OpenSSL Update
Our security scan is saying that our OpenSSL version is behind. We are currently running OpenSSL 1.0.2k-fips 26 Jan 2017 which is the latest provided by Yum. Is there a reason that version is 1.1.0i or later isn't available via Yum? Will newer versions be supported? What is the criteria for a software release to be published in the Yum repo's?
Responses
RHEL version numbers don't really work that way. We will often settle on a version number for a while (sometimes the entire major release) and backport features from upstream to our package.
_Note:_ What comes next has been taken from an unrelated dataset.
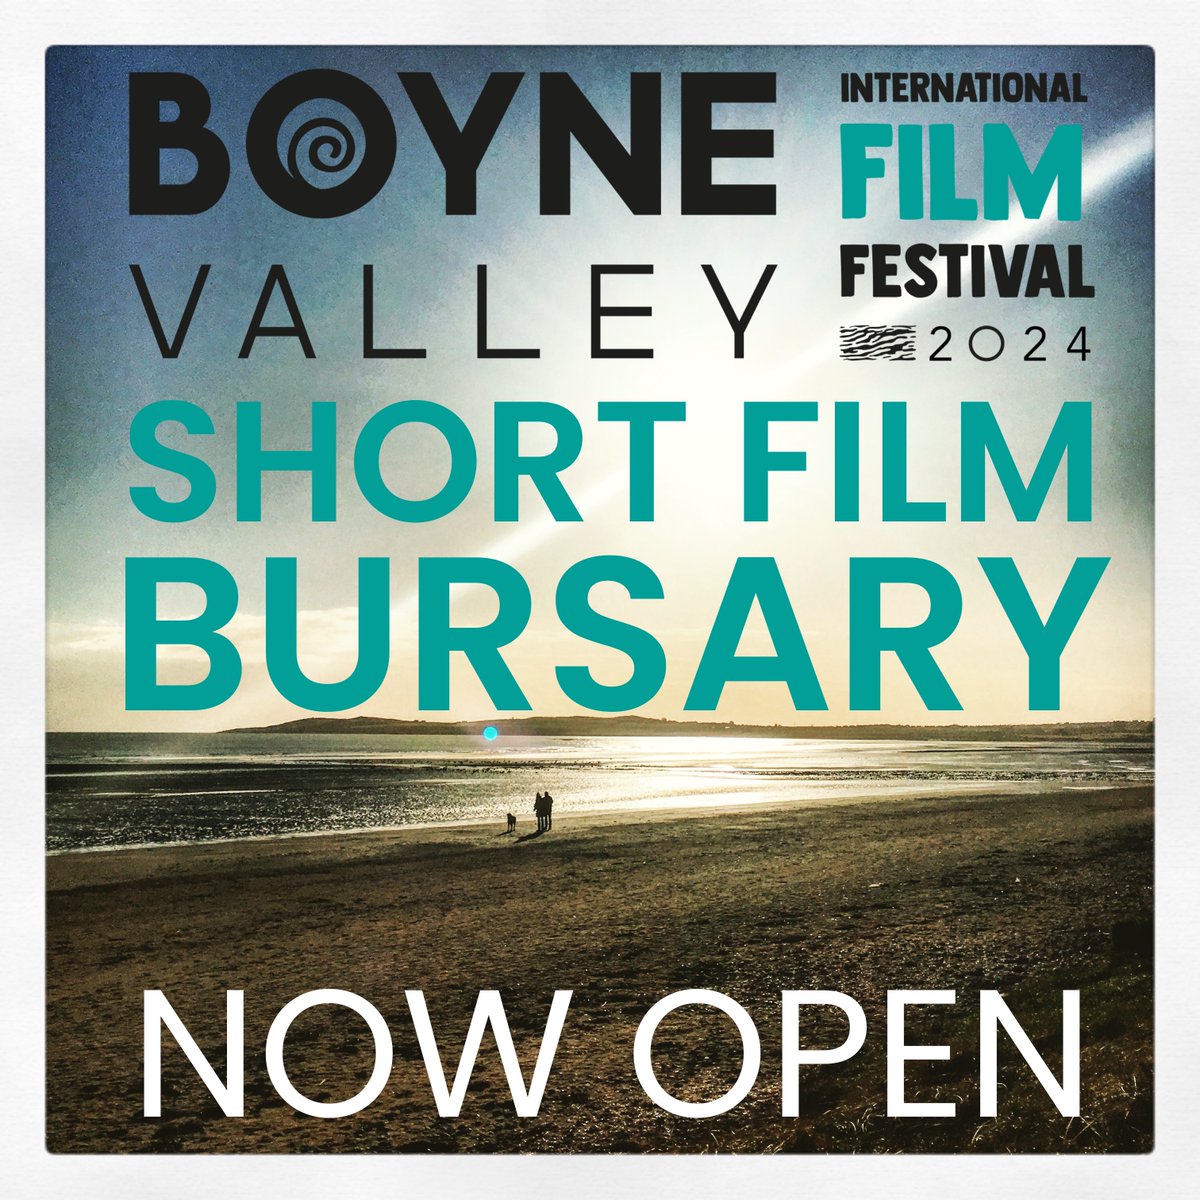 The @BoyneValleyIFF 2024 Short Script Bursary is now open to entries. Entries should be 1 - 2 pages. 3 finalists will be selected to pitch live to judges at the 2024 Festival. Judges this year are @AudreyFilm, @RobkoBurke & @RoBurke25
Visit droicheadartscentre.ticketsolve.com/shows/87364662… for details

Just saying "RHEL has version X but I need version Y" isn't accurate. The later version may have some fix or feature which we've backported to our earlier version. We do this without changing the earlier version's programming interfaces, so all your existing software still works with the improved earlier version. This is the sort of application stability advantage you gain by using RHEL.
You can learn more about that development practice here: After an upstream project has released a newer version of a package when will the package on a Red Hat Enterprise Linux system be updated to this version?
The security scan needs to specify specific concerns and not just the blind advice "get a later version number". Specific concerns are usually expressed as CVEs. You can look the CVE up on the database: https://access.redhat.com/security/security-updates/ and see if we have resolved that specific concern in one of our packages.
Here's an example of that process: CVE-2017-1000117 describes a security vulnerability in git. That vulnerability is fixed in upsteam versions like 2.4.6
and 2.14.1
. However, we took that fix and backported it to our git-1.7.1
package. Now you can update the RHEL package and even though you are running an "old" version of git, you are not vulnerable to this security problem anymore.
To answer your specific questions, we have rebased OpenSSL from 1.0.1e
to 1.0.2k
in RHEL 7. We might rebase to a later version in a later RHEL 7.x release or we might not.
There are definitely criteria for backporting a fix or rebasing the package. I'm not sure of those as development of userspace packages isn't my area. I'm not sure if we provide that sort of detail about our internal practices.
Once we get out of the "Full Support phase" of the RHEL development lifecycle, we generally don't rebase packages anymore.